I hope it is alright if I ask another question @jiyuuchc. I see that you use gray scale 512 x 512 images for training in train_with_point_label, and your code crops / pads all images to that size.
In my case I have 2048 x 2048 images with the first channel being the membrane I want to segment and the second channel being the DAPI stain. Do I need to adjust my images prior to training / interference?
In theory, you can use any image format to train the model, so long as they are in the HxWxC format. However, depending on your GPU, you may run out of memory if your input image size is too large. In the latter case, you should incorporate a resize and/or crop operation in your data augmentation pipeline. You are free to choose a final crop size significantly smaller than the original image size.
Similarly, a very large image may also cause OOM during inference. In this case, the image needs to be divided into smaller patches, and the predictions be stitched together. The Predictor class has a function predict_on_large_image() to automate this process, see the API document (https://jiyuuchc.github.io/lacss/api/deploy/#lacss.deploy.Predictor.predict_on_large_image) for details.
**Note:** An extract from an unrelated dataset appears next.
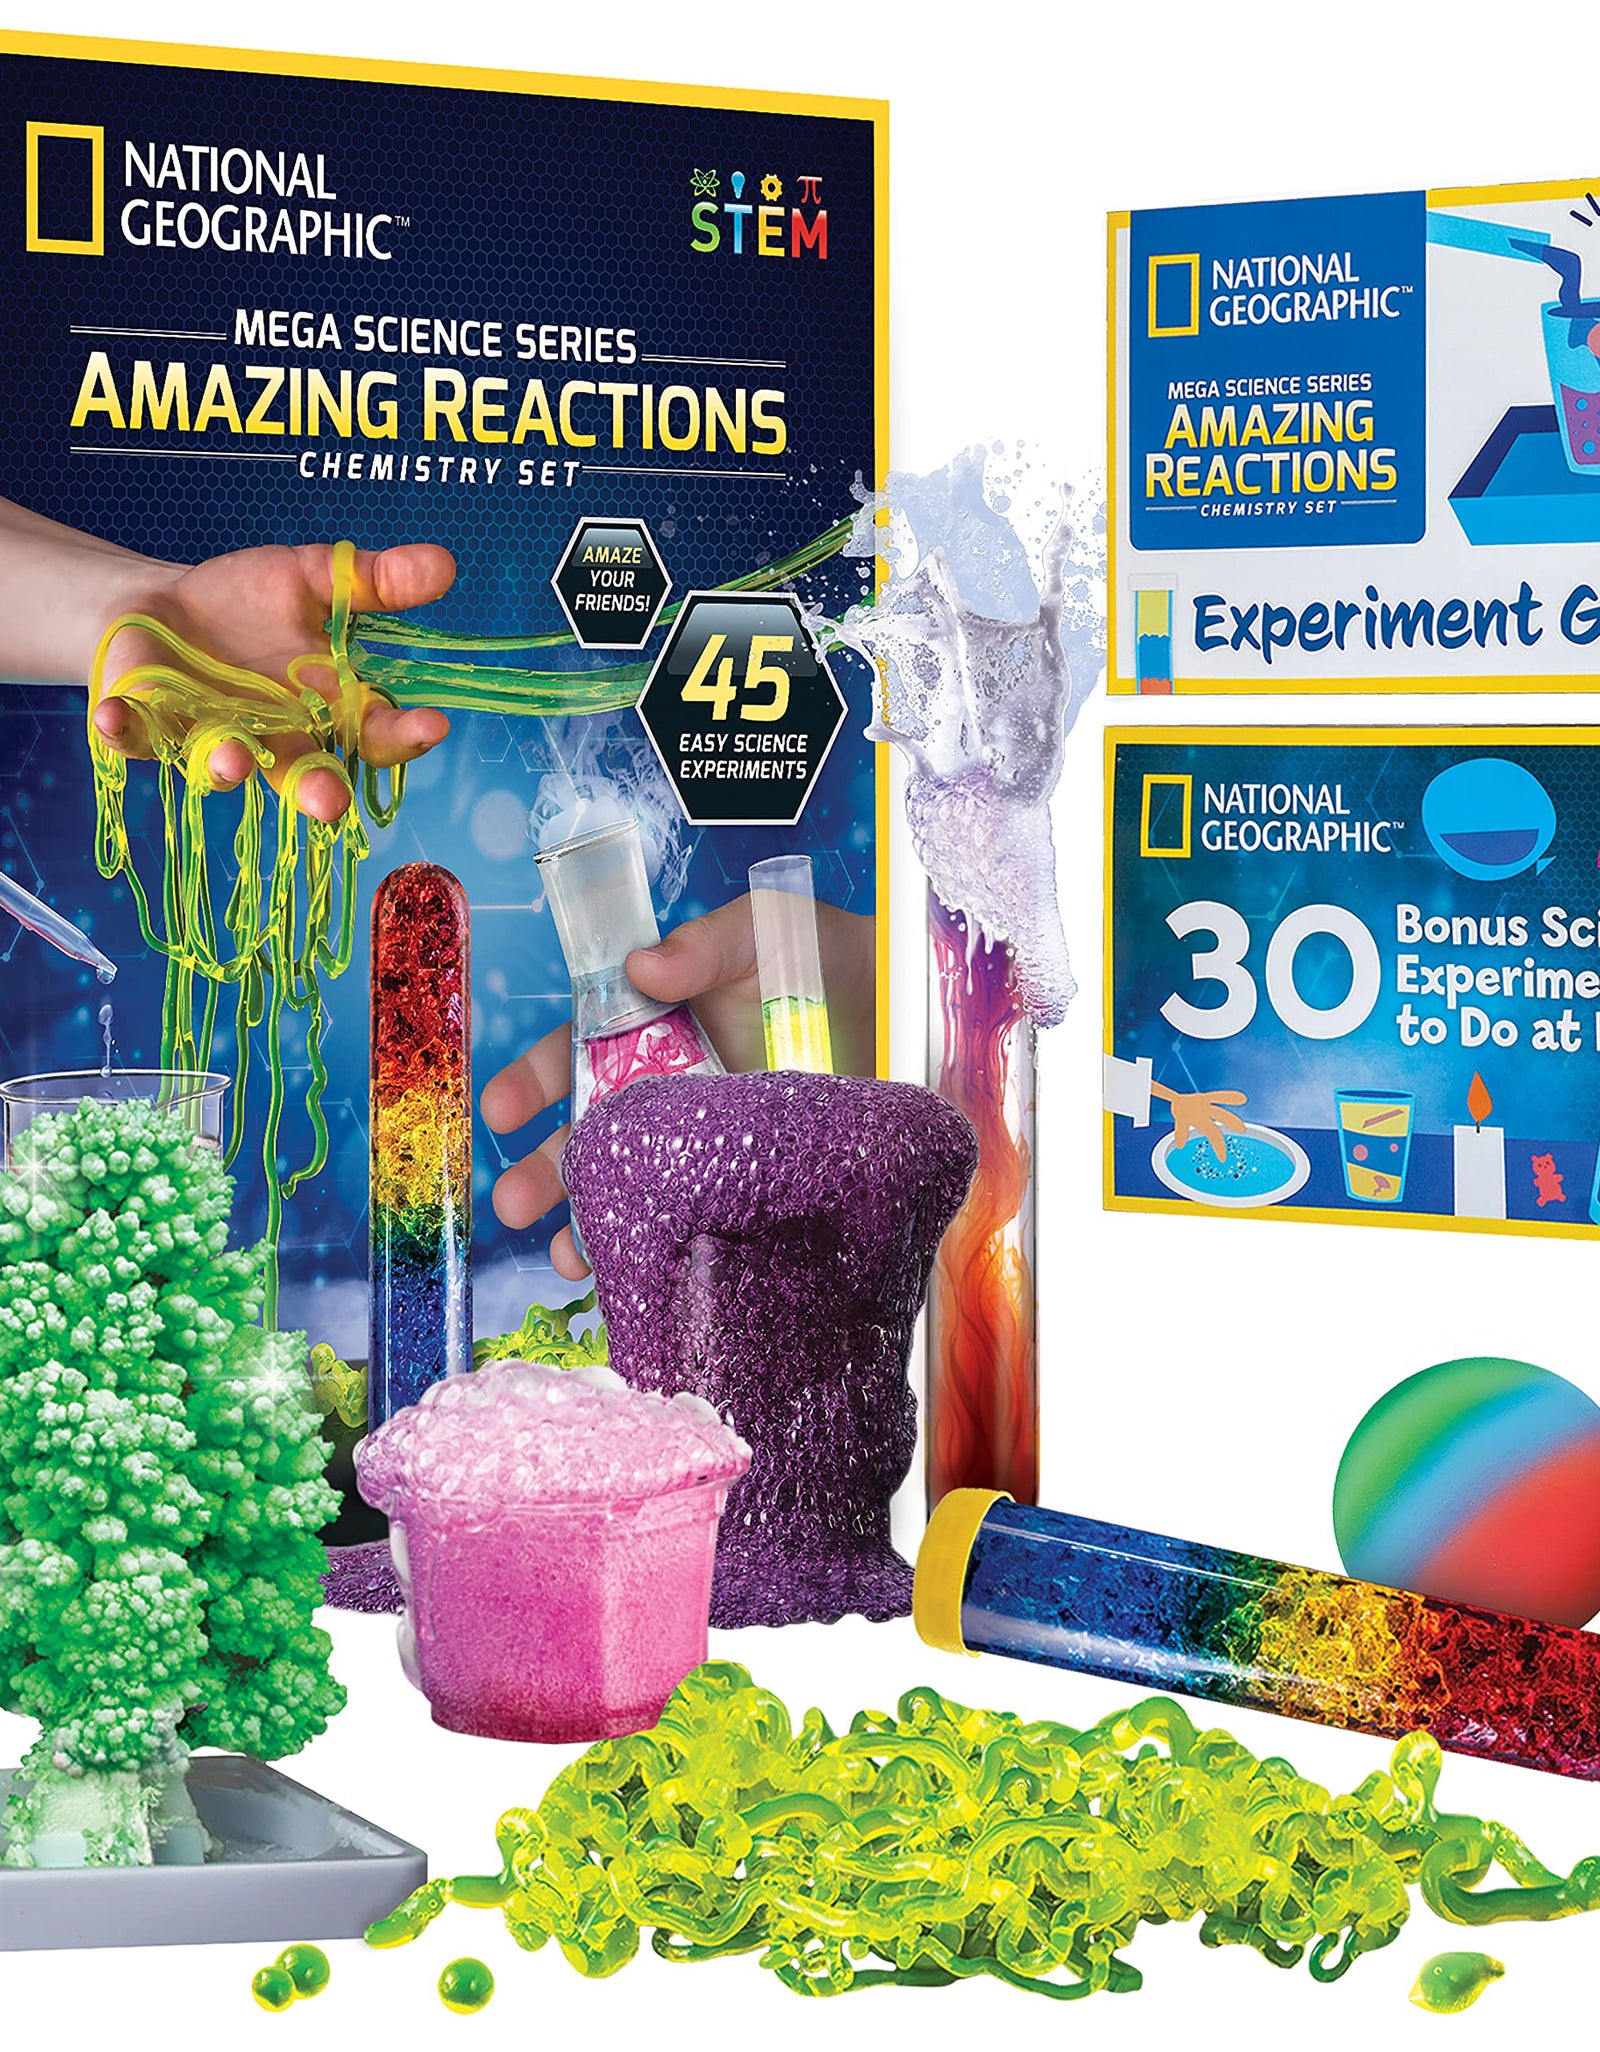 NATIONAL GEOGRAPHIC Amazing Chemistry Set - Mega Chemistry Kit with Over 15 Science Experiments, Make Glowing Worms, a Crystal Tree, Fizzy Solutions, and More, Great STEM Gift for Girls and Boys

The only constrain on channel configuration is consistency between training and inference data. For example, you can training with only the membrane channel and no DAPI channel, but then the inference image should also be one-channel. Vice versa, if you train with both membrane-channel and DAPI channel, then the inference data should also have both channels.
Ji
From: pakiessling @.> Sent: Sunday, July 30, 2023 4:15:35 AM To: jiyuuchc/lacss @.> Cc: Yu,Ji @.>; Mention @.> Subject: Re: [jiyuuchc/lacss] Setting up training data (Issue #3)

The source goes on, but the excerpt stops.